Algumas pessoas se dispuseram a me auxiliar, tentando criar melhorias para as dificuldades que elas conseguiam detectar. E, um assunto parecia ser de senso comum. Todos diziam que eu deveria ter um animal de estimação, que iria me ajudar na interação, na forma de se relacionar e na carência que eu tinha de uma companhia, de um amigo para conversar. Mas qual bicho eu escolheria? Cachorro ou gato? Eu não sabia. Fui pesquisar o comportamento deles e foi quando percebi que teria problemas, com ambos. Os cachorros porque são carentes demais, latem, querem atenção constante e demonstração de afeto intenso. Já os gatos, são independentes, com seus interesses bem definidos e priorizados, dando atenção quando e a quem querem. Eles se parecem muito comigo, então, qual seria o benefício? Desisti dessa ideia quando soube que, além de escolher o animal, também teria que cuidar da higiene, alimentação, defecações e mijos pela casa, fora o bom comportamento que teria que ensinar para que nada fosse danificado. Sem chance! Cuidar de mim já me dava trabalho demasiado.
Minha sensibilidade sensorial é outro fator de atrito. Quando um estímulo sonoro, visual, tátil, gustativo ou olfativo ocorre e não é o desejado, isso me perturba, se tornando uma sessão de longa tortura. Infelizmente, eu não tenho poder algum para mudar isso. As pessoas parecem possuir algum gene programado para estarem sempre agrupadas, falando alto, gesticulando para todos os lados, indiferentes aos incômodos que tanto me desequilibram. Além disso, elas não são transparentes com o que pensam e sentem, pois percebo que elas reclamam de tudo: da vida que levam, da rotina que carregam, do tempo que nunca é suficiente para o lazer, do trabalho que é sempre visto como um carrasco, da aparência que tem e o desejo de ser um clone de alguém e, analisando tudo isso, o esquisito sou eu?
Só que ninguém imagina como seria ser eu por um dia. Seria triste, solitário e angustiante, pois o repúdio gratuito sempre me fora constante, incompreensível e, por isso, minha trajetória social estava marcada por memórias emocionais trágicas. Tento deletá-las, mas elas me assombram como fantasmas, rompendo a estabilidade que tão dificilmente tento alcançar.
Por isso, fazia um tempo que eu estava descrente da vida, das possibilidades que teria para me tornar alguém produtivo, tendo êxito e felicidade mesmo convivendo com minhas dificuldades. E, quando já me achava definitivamente encarcerado no fosso dessa existência, surge uma pandemia. Agora todas as pessoas desse planeta precisariam se isolar, criar hábitos de interação diferentes, manter rituais rígidos de higiene e proteção, respeitar o outro para melhor a situação de todos. Será que, sob essa nova forma imposta de viver, as pessoas conseguiriam entender o que sempre fora meu jeito de ser?
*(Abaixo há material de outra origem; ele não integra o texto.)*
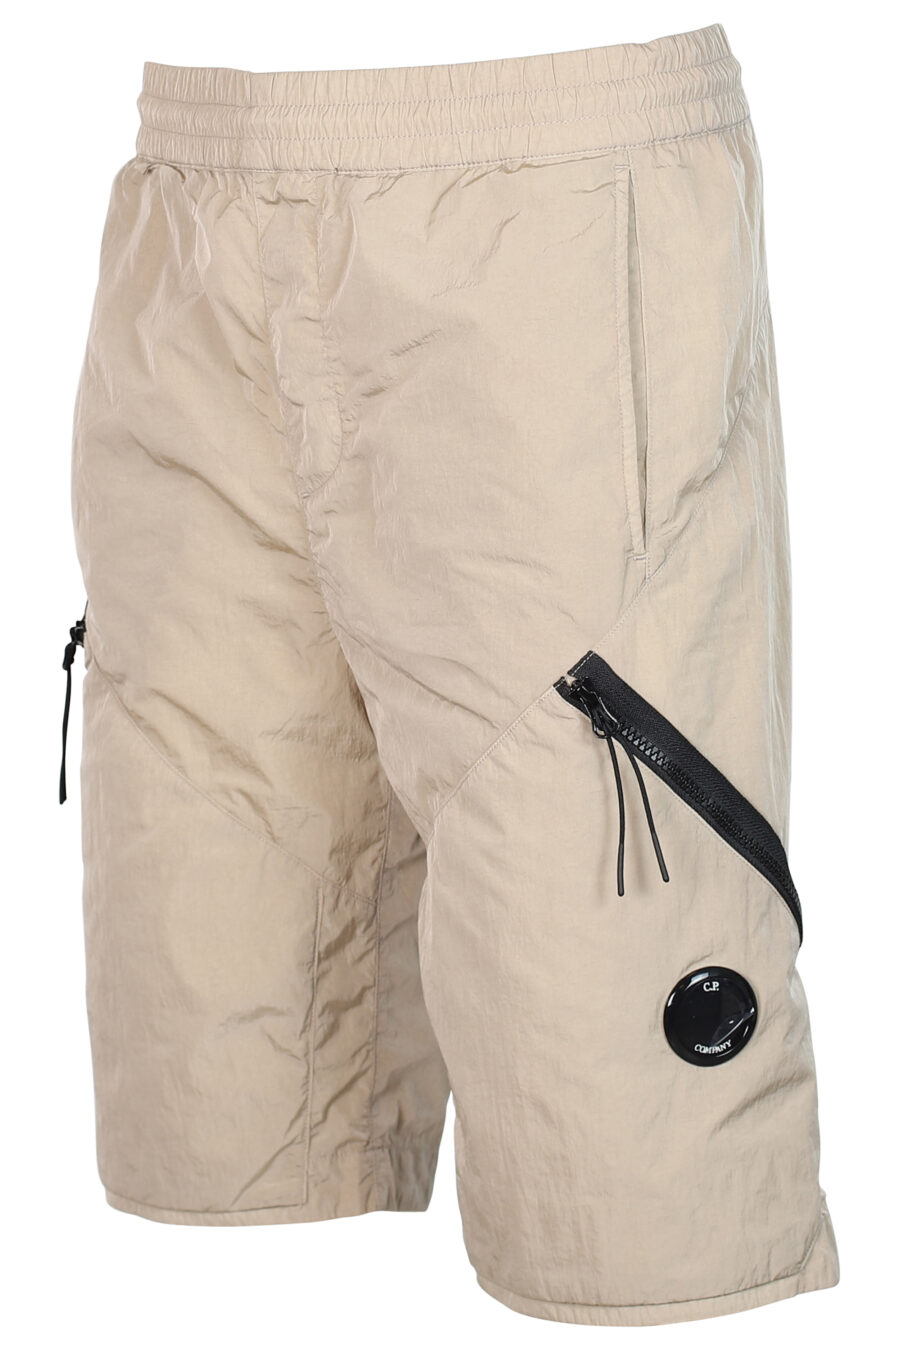 Pantalón corto beige con cremallera diagonal y logo lente - 7620943518221 2

Sei que todos temem a doença, a morte que ela indiscutivelmente hoje representa, mas eu já convivia com tudo isso antes desse novo vírus aparecer. Então, não foi o medo que em mim floresceu, mas a esperança de me ver inserido, de forma compatível, no mundo em que vivo. Seria um recomeço, uma nova jornada, onde se incluiria respeito, cordialidade, empatia e generosidade, curando a humanidade de seus maiores males. E, se assim vier a ser, seria o que de mais perfeito e libertador eu poderia querer.